Do read the whole thing. Meanwhile Amir Taheri comments in the New York Post:
Wherever some measure of security is assured - that is to say in more than 80 percent of Iraq - towns and villages long left to die a slow death are creeping back to life. Nowhere is this slow but steady return to life more startling than in Um Qasr, in the southeast extremity of Iraq on the Persian Gulf. Four years ago, this was a jumble of rusting quays, abandoned houses and gutted buildings. By the spring of 2003, its population had dwindled to a few dozen, along with hundreds of stray dogs. There was even talk of abandoning it altogether.
Today, however, Um Qasr is back in business as a port with commercial and military functions. Hundreds of families that had left after the first Gulf War in 1991 have returned - joining many more who have come from all over Iraq. The boom in Um Qasr is part of a broader picture that also includes Basra (the sprawling metropolis of southern Iraq), the Shi'ite "holy" cities of Najaf and Karbala, Mandali on the Iranian border and much of Baghdad.

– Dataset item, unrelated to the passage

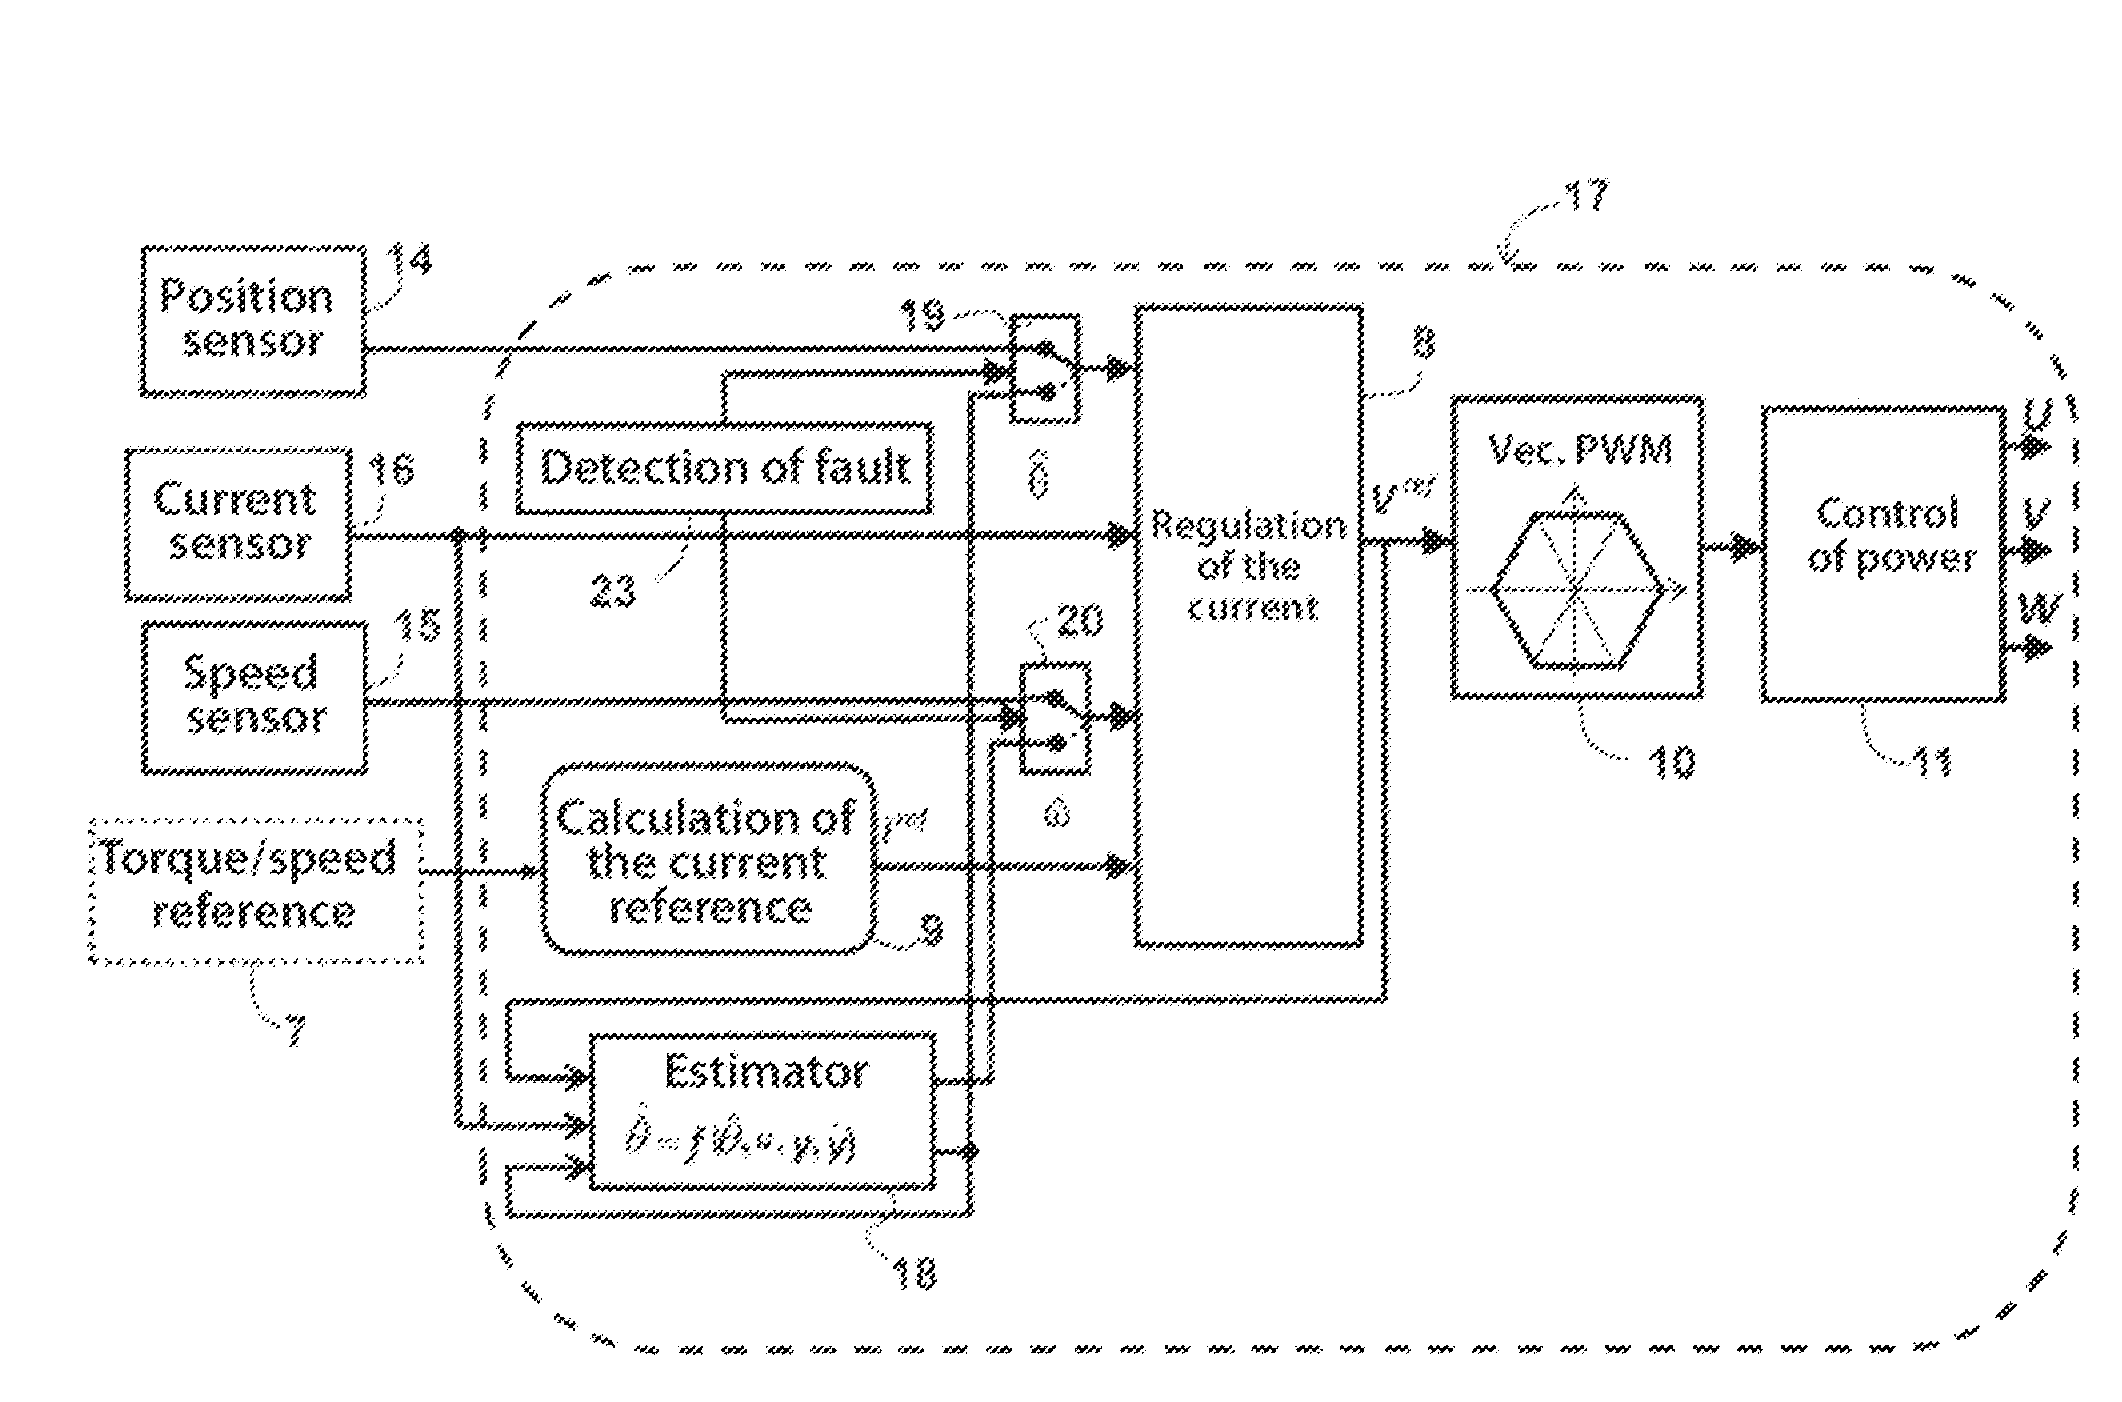 Method for estimating the angular position of the rotor of a polyphase rotary electrical machine, and application to the control of a polyphase inverter for such a machine

But what about continued terrorist attacks? Most foreign investors coming to make money in Iraq shrug their shoulders. "Doing business in any Arab country is always risky," says a Turkish investor who has set up a trucking company and a taxi service. "In some Arab countries, you risk nationalization or straight confiscation by the ruler. In other Arab countries, you must give a cut to one of the emirs. Here, you face possible terrorist attacks. But such attacks are transitory."
The relatively low cost of labor is another attraction to investors. Wages in Iraq, where unemployment is over 30 percent, are less than a quarter of the going rates in Kuwait. Nevertheless, the Iraqi boom appears to be attracting some Iranian laborers from areas close to the border - people who come in for a few days to make some money before returning home.
But, judging by the talk in teahouses and the debate in Iraq's new and pluralist media, most people welcome the switch to capitalism and regard it as an exciting adventure.
As trucks are loaded with a variety of imports destined for Baghdad, I ask the drivers what they think would happen if the multi-national force, led by the United States, left Iraq soon. Most shrug their shoulders. "Why leave?" one driver asks. "Do I abandon the goods that have come from such a long way before they reach their destination?" This amounts to a plea to "stay the course." The man in Um Qasr does not know that in the United States the phrase "staying the course" drives so many up the wall.
I have the feeling that much of the ground work in putting the country on the right track has already been laid, and it is for this reason that I think that the Keane-Kagan plan (see Winds of Change for more comment), which seems to be the most likely strategy the Bush Administration will adopt (we'll see what the Democrats will do, though their power to influence war decisions is somewhat limited) - taken together with Nouri al-Maliki's recent reversal of policy towards militias - may have a good chance of succeeding.